Nuuk/Helsinki - 38 Jahre nach dem Absturz eines mit vier Atomsprengköpfen bestückten B-52-Bombers in der Nähe der grönländischen US-Basis Thule ist die Umgebung der Unfallstelle immer noch verstrahlt. Gesundheitsforscher drängen auf eine systematische Untersuchung der Gegend um die Siedlung Narsaarsuk, die im Jänner 1968 wegen der herrschenden Witterung besonders von radioaktivem Fallout betroffen war.

Eine im vergangenen Herbst veröffentlichte Studie des dänischen Forschungszentrums Risö hatte in der Region in zweijähriger Forschungsarbeit sowohl auf dem Festland als auch im Meeresboden nach wie vor erhöhte Strahlenwerte festgestellt. Die Forscher befürchten, dass das Plutonium auch an die Luft gelangt, wo es für die Menschen besonders gefährlich ist.

Hilfe soll kommen

Laut einem Online-Bericht des grönländischen Rundfunks KNR soll in der kommenden Woche eine dänisch-grönländische Arbeitsgruppe eingesetzt werden, um weitere Maßnahmen zu beschließen. Der dänische Regierungschef Anders Fogh Rasmussen hatte vergangenen Herbst staatliche Finanzhilfe für die Folgeuntersuchungen der Risö-Studie versprochen.
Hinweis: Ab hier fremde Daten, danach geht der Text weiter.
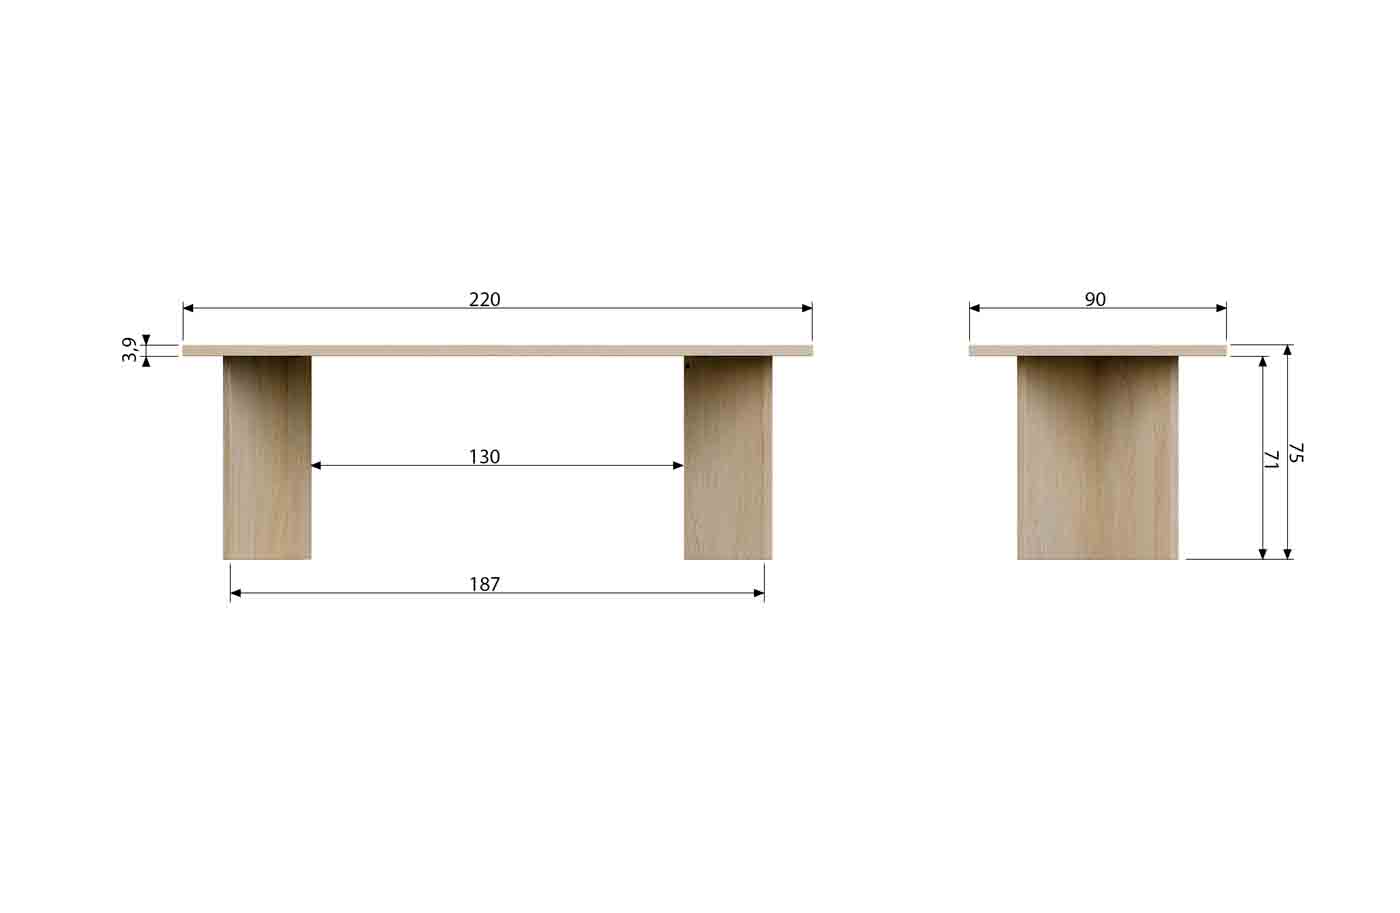 Hochwertiger Esstisch Eiche Angle in 220cm Länge mit feinem Echtholzfurnier. Tischplatte und Gestell in Eichenholz gefertigt

Der Absturz ereignete sich am 21. Jänner 1968. Bei den Bergungsarbeiten wurden zahlreiche dänische und grönländische Helfer verstrahlt, die USA lehnten Kompensationszahlungen ab. Bis heute ist ungeklärt, ob wirklich alle vier Atombomben geborgen und entsorgt wurden. Das Pentagon erneuert derzeit das Radarsystem der Basis, das als Teil des umstrittenen Raketenschutzschilds der USA geplant ist. (APA)

Share if you care.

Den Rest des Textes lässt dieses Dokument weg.